While KeyBanc acknowledged that the leisure vehicle market continues to face challenges, the firm favors Patrick Industries due to its diversified exposure across multiple segments. The company’s consistent track record of growth and margin performance through both organic initiatives and acquisitions was cited as a key strength. InvestingPro data reveals the company has raised its dividend for 6 consecutive years, with a current yield of 1.76%, demonstrating consistent shareholder returns despite market volatility.
The $100 price target falls within Patrick Industries’ historical price-to-earnings trading range of 7 to 23 times earnings. KeyBanc’s target specifically reflects approximately 18.9 times its fiscal year 2026 earnings per share estimate for the company.
Patrick Industries manufactures and distributes components for the recreational vehicle, marine, manufactured housing, and industrial markets. The company has expanded its product portfolio through numerous acquisitions in recent years to diversify its revenue streams.

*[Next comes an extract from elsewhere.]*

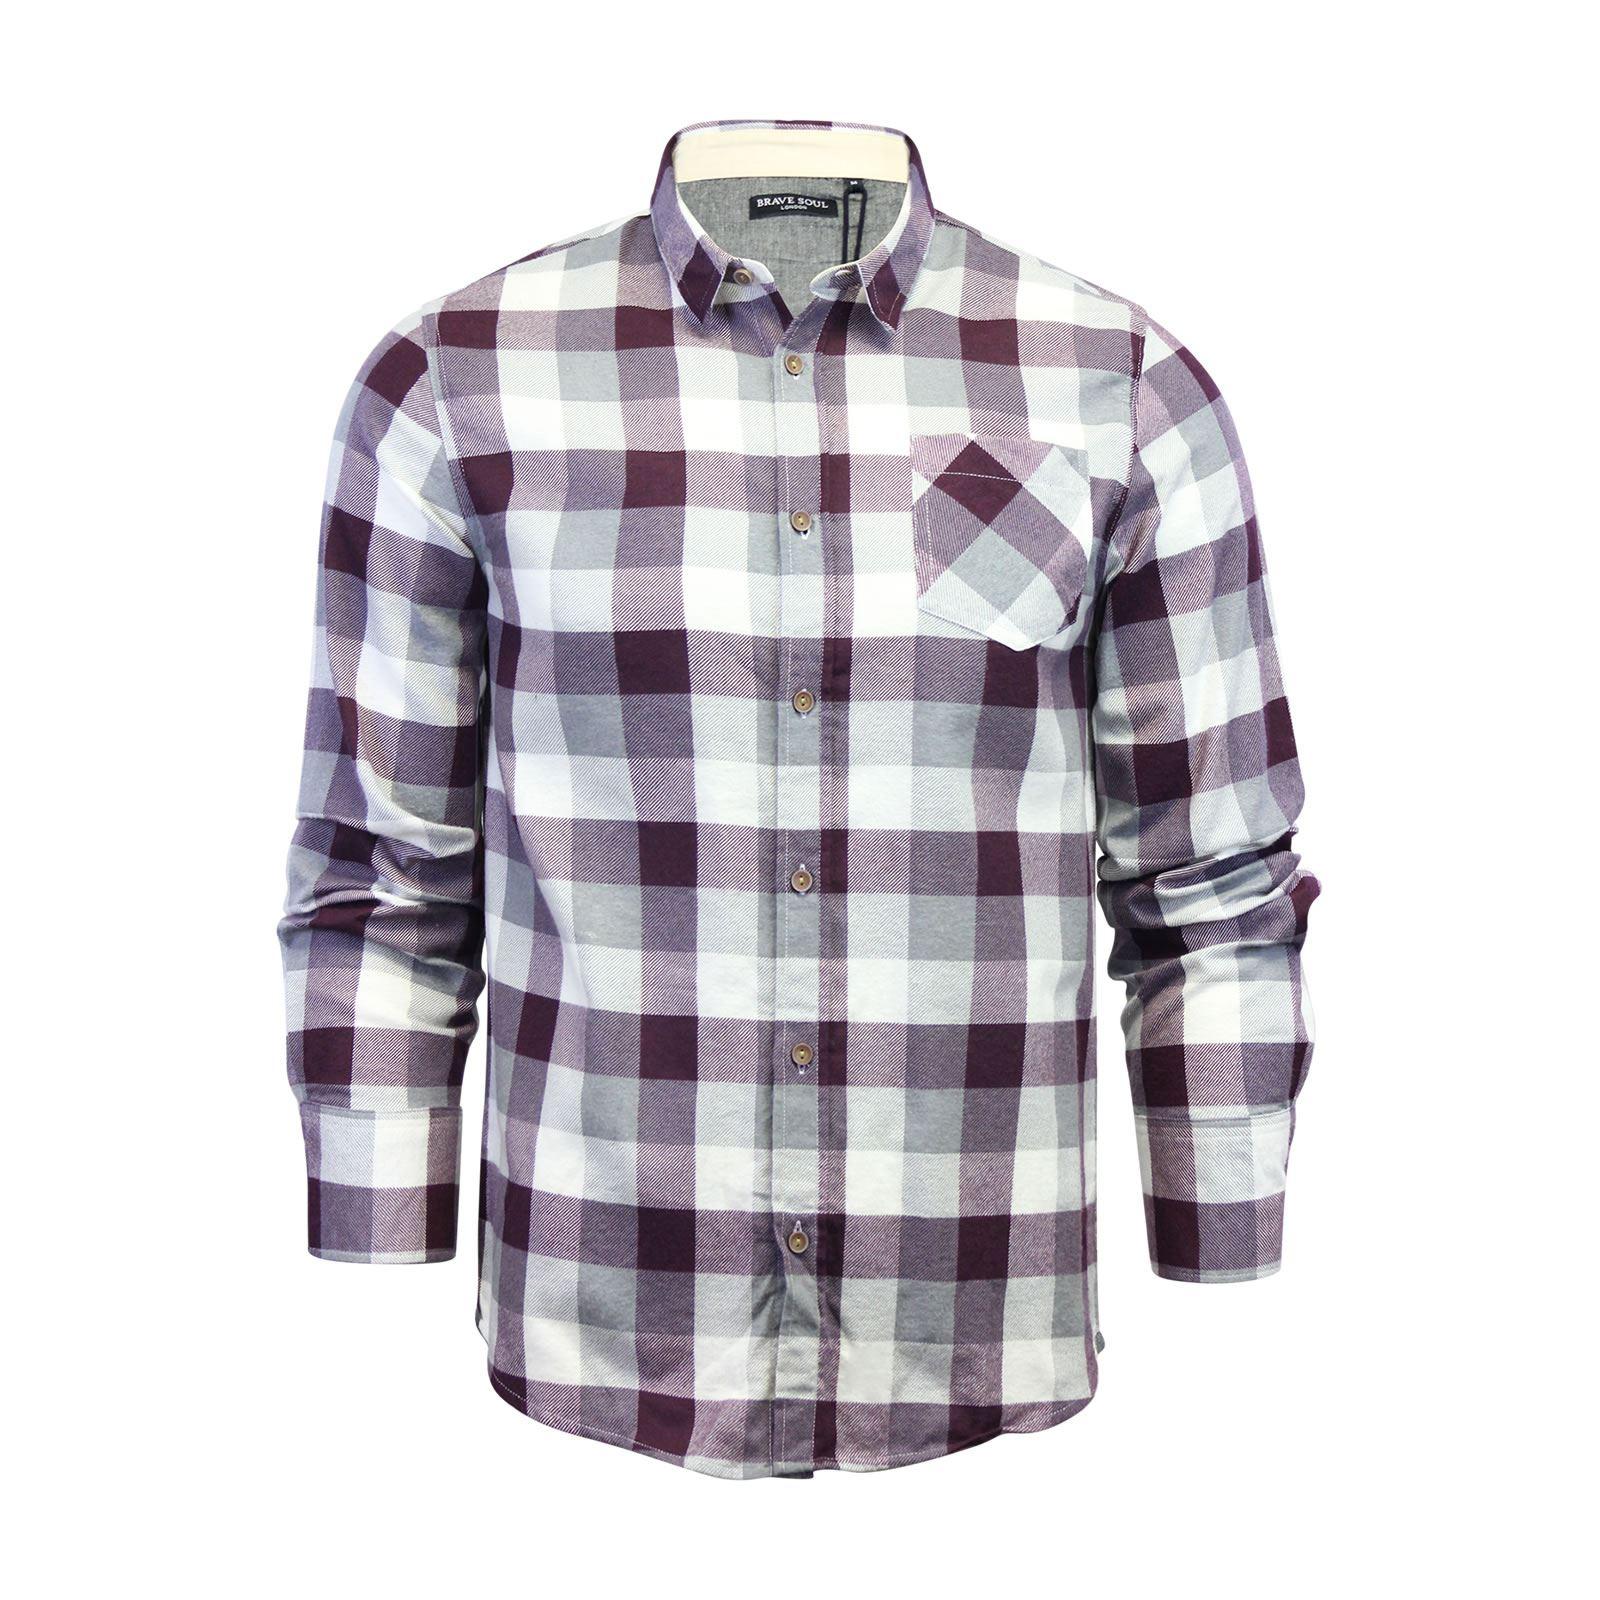 Alma-VALIENTE-HOMBRE-compruebe-Camisa-Algodon-Cepillado-De-Franela-Top-Manga-Larga-Casual miniatura 64

In other recent news, Patrick Industries Inc. reported a strong performance for the first quarter of 2025, surpassing analysts’ expectations. The company announced earnings per share (EPS) of $1.11, exceeding the forecasted $0.97. Revenue also outperformed predictions, reaching $1 billion compared to the anticipated $960.2 million. Patrick Industries completed two acquisitions and repurchased $8.5 million of stock, emphasizing its strategic growth initiatives. The company reported a 7% year-over-year increase in net sales, with a net income rise of 9% to $38 million. Analysts from firms such as Truist Securities and Raymond (NSE:RYMD) James noted the company’s proactive approach to market dynamics, including strategies for tariff mitigation. Patrick Industries provided optimistic guidance for the remainder of the year, projecting full-year adjusted operating margins between 7% and 7.3%. The company continues to focus on maintaining a strong balance sheet and liquidity, positioning itself for future growth opportunities.